We are asked to find the volume when:

\[
l = 3 \, \text{feet}, \quad w = 2 \, \text{feet}.
\]

Substituting these values into the formula:

\[
V = 3 \cdot 2 \cdot (2 + 2) = 3 \cdot 2 \cdot 4.
\]

Now, calculate the result:

\[
V = 24 \, \text{cubic feet}.
\]

The volume of the box is **24 cubic feet**.

Would you like more details or have any questions?

Here are 5 related questions to deepen your understanding:
1. How does changing the length \( l \) affect the volume?
2. If the width \( w \) increases by 1 foot, how would the volume change?
3. What is the general formula for the volume of a box with different side lengths?
4. How does the formula for volume compare to the formula for surface area?
5. Can you derive the formula for volume given different relationships between \( l \), \( w \), and height?

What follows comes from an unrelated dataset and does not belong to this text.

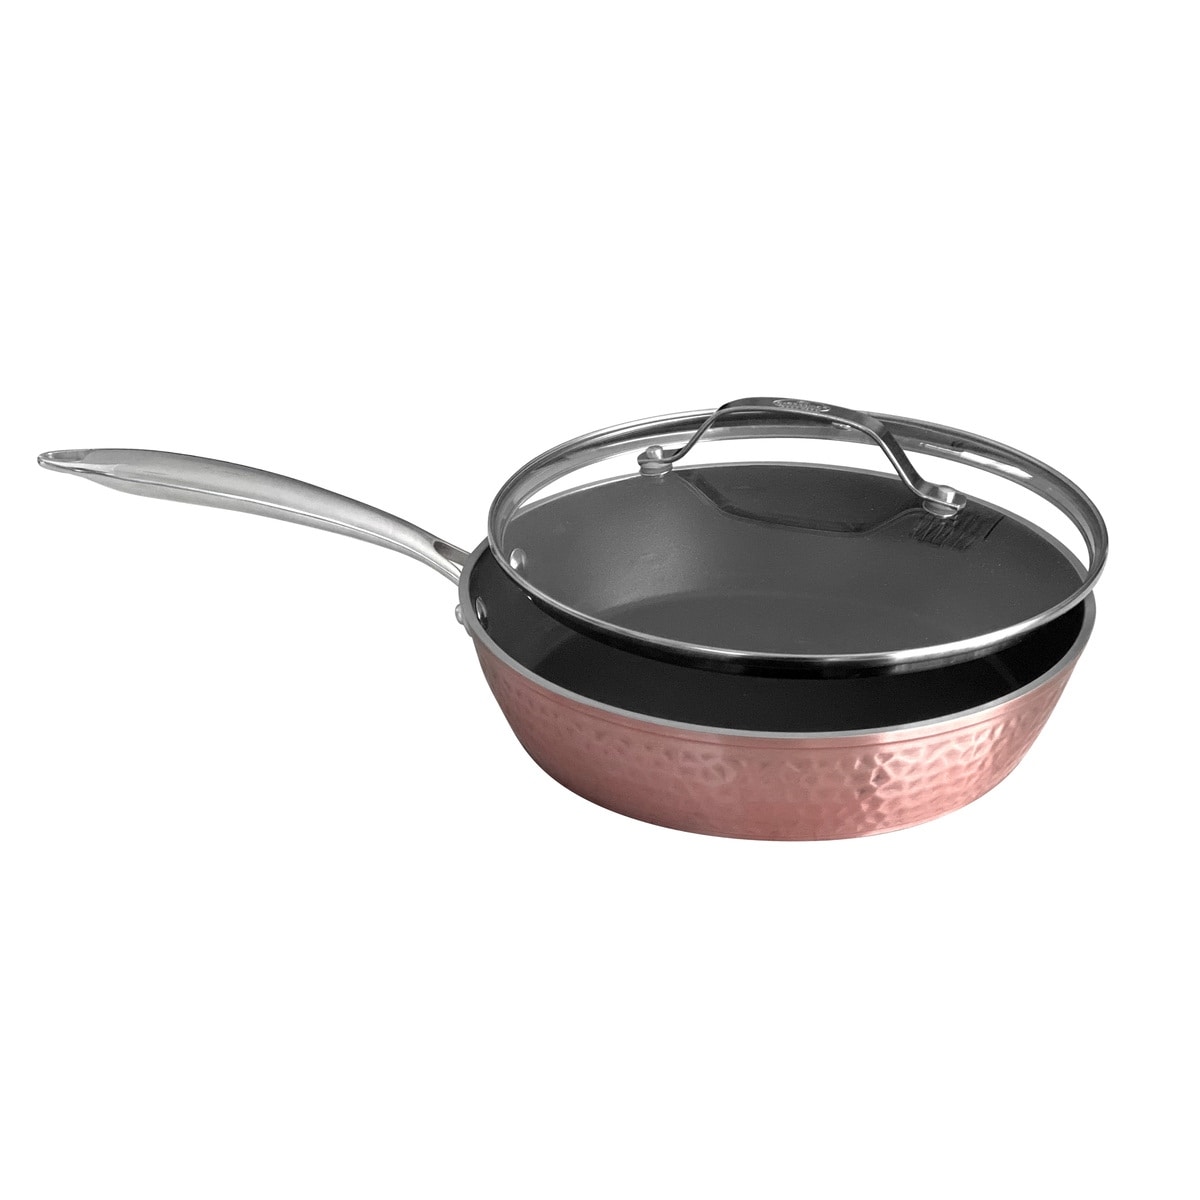 https://ak1.ostkcdn.com/images/products/is/images/direct/764dff43cfc4146b48374c73144daa770bf2b8e5/Orgreenic-9.5-inch-Hammered-Rose-Pan-with-Lid.jpg
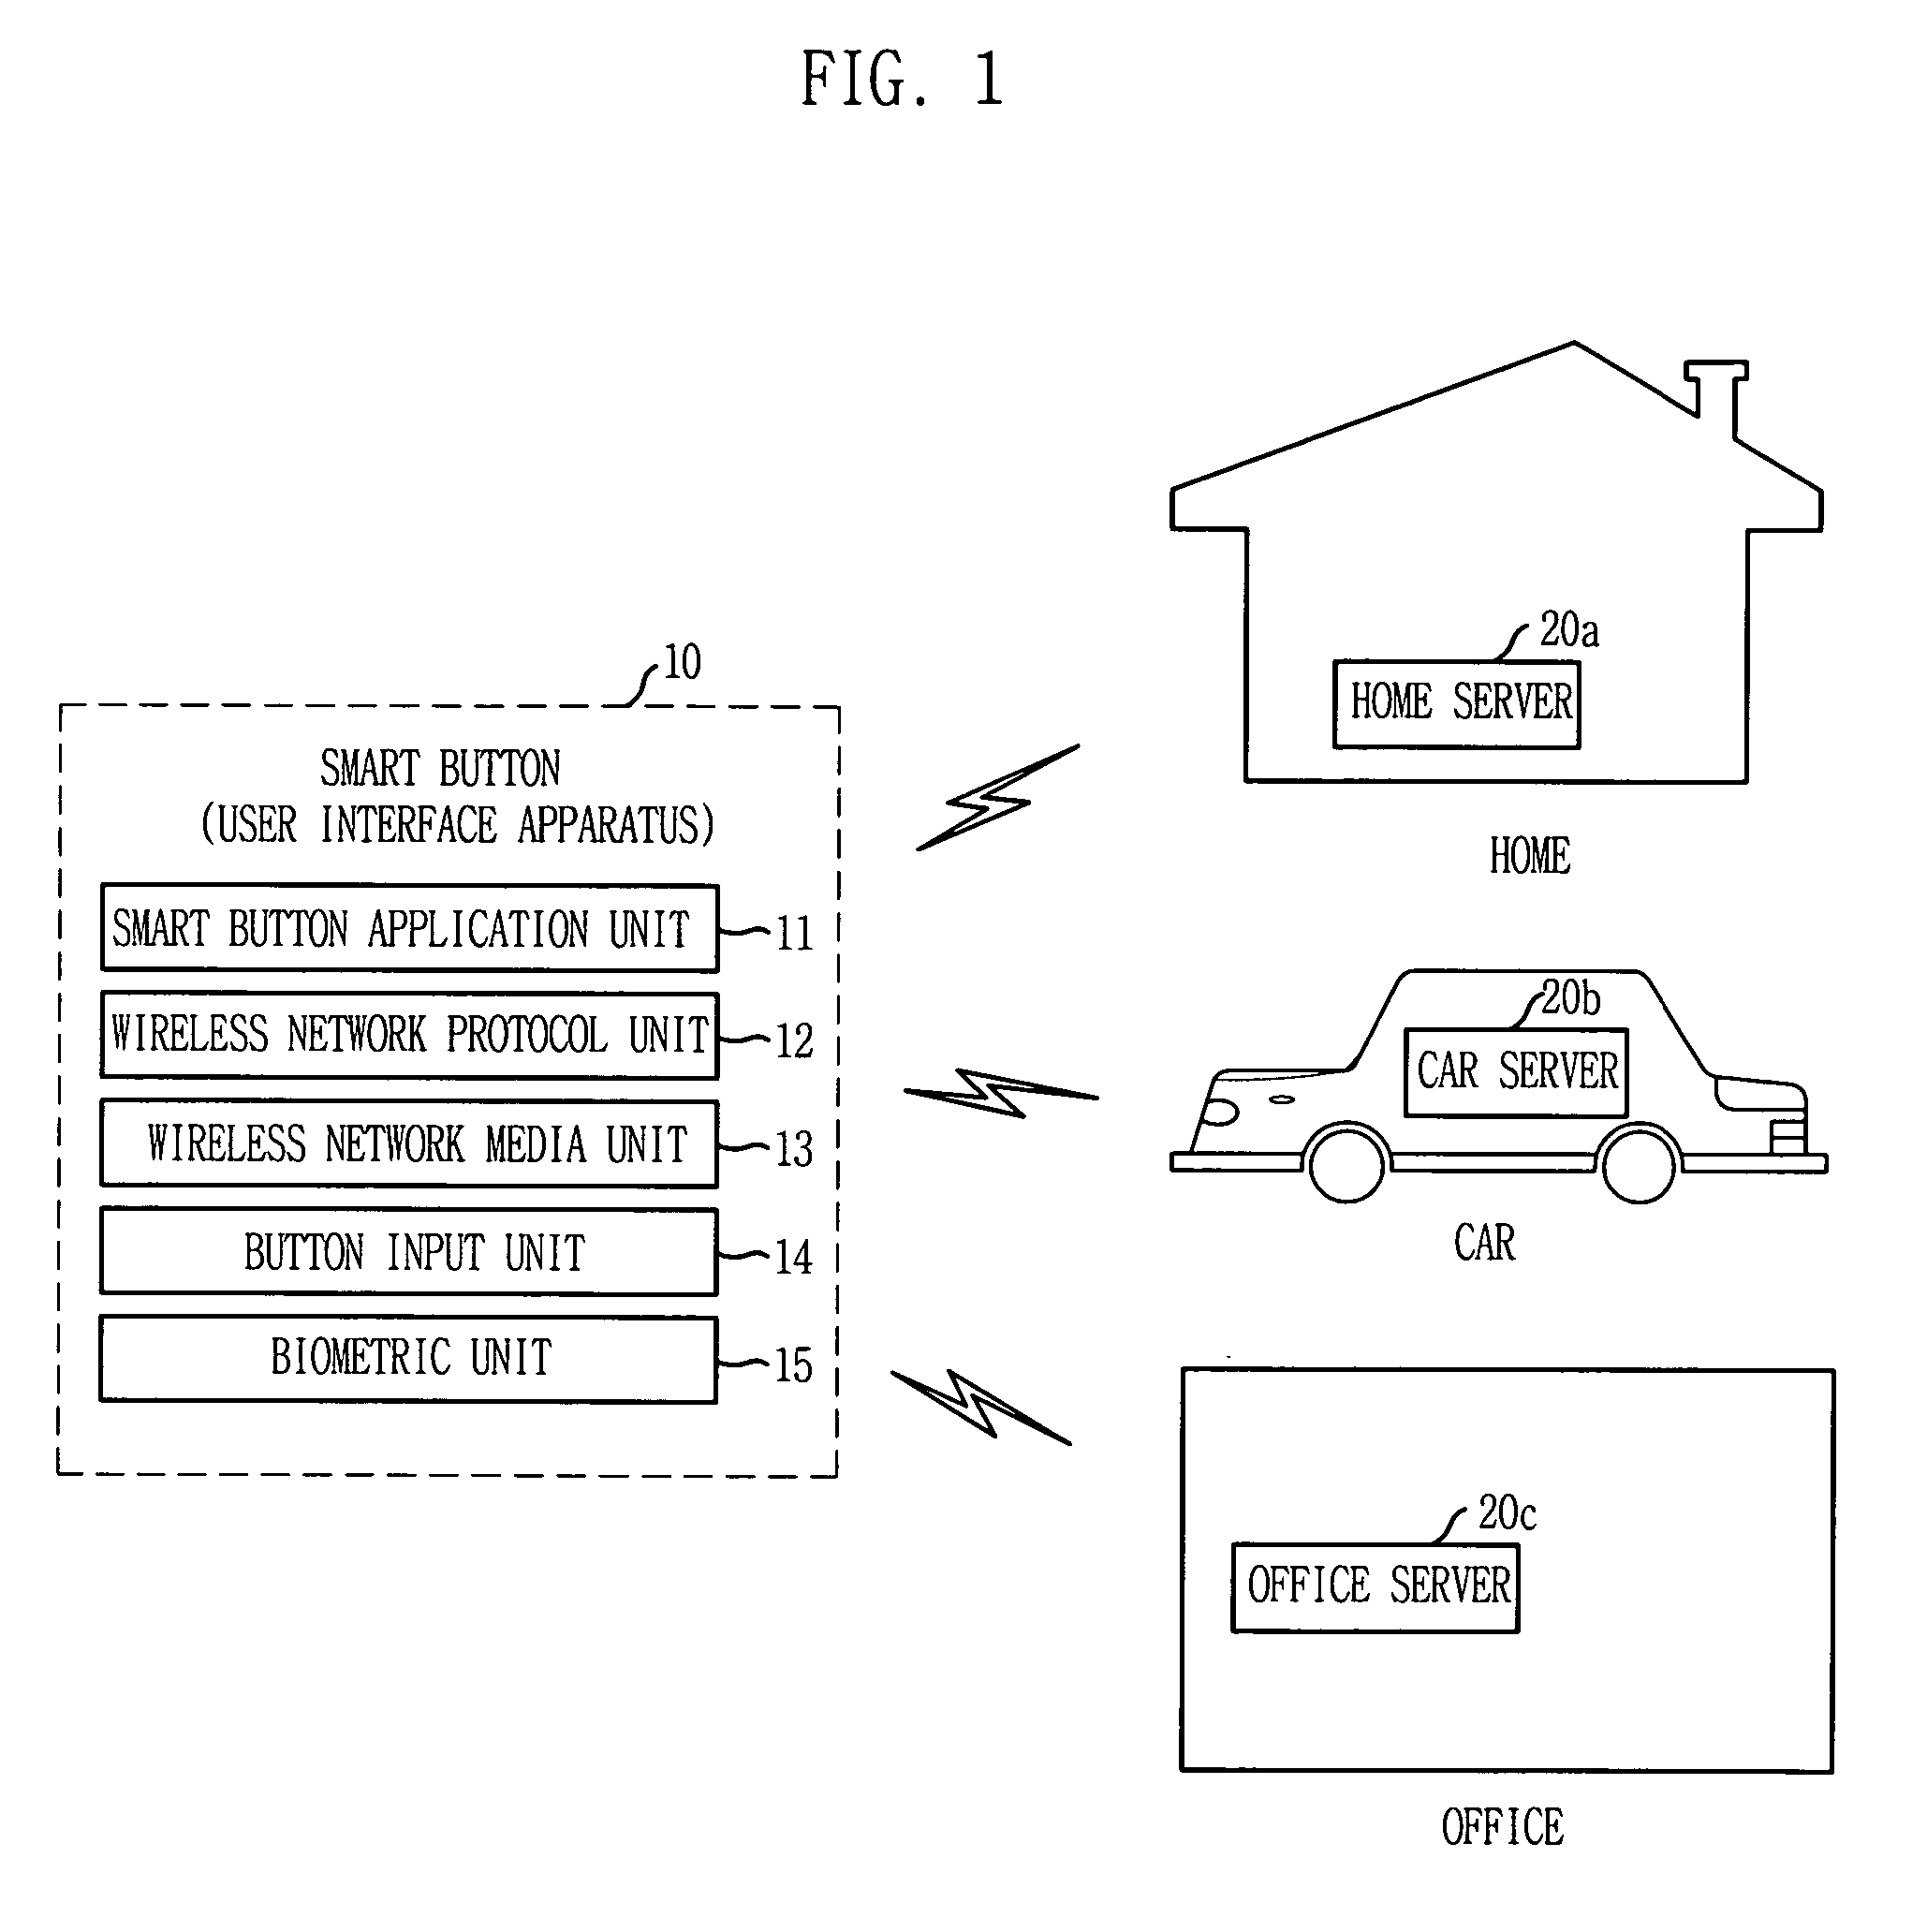 User interface apparatus for context-aware environments, device controlling apparatus and method thereof

**Tip:** When solving problems with multiple variables, substituting known values into the equation step by step helps ensure accuracy.

The volume of a storage box can be found using the expression l · w(w + 2). Find the volume of the box if l = 3 feet and w = 2 feet.

Learn how to calculate the volume of a storage box using the formula V = l · w · (w + 2). This example shows how to find the volume when l = 3 feet and w = 2 feet, resulting in 24 cubic feet. Ideal for students in Grades 5-7.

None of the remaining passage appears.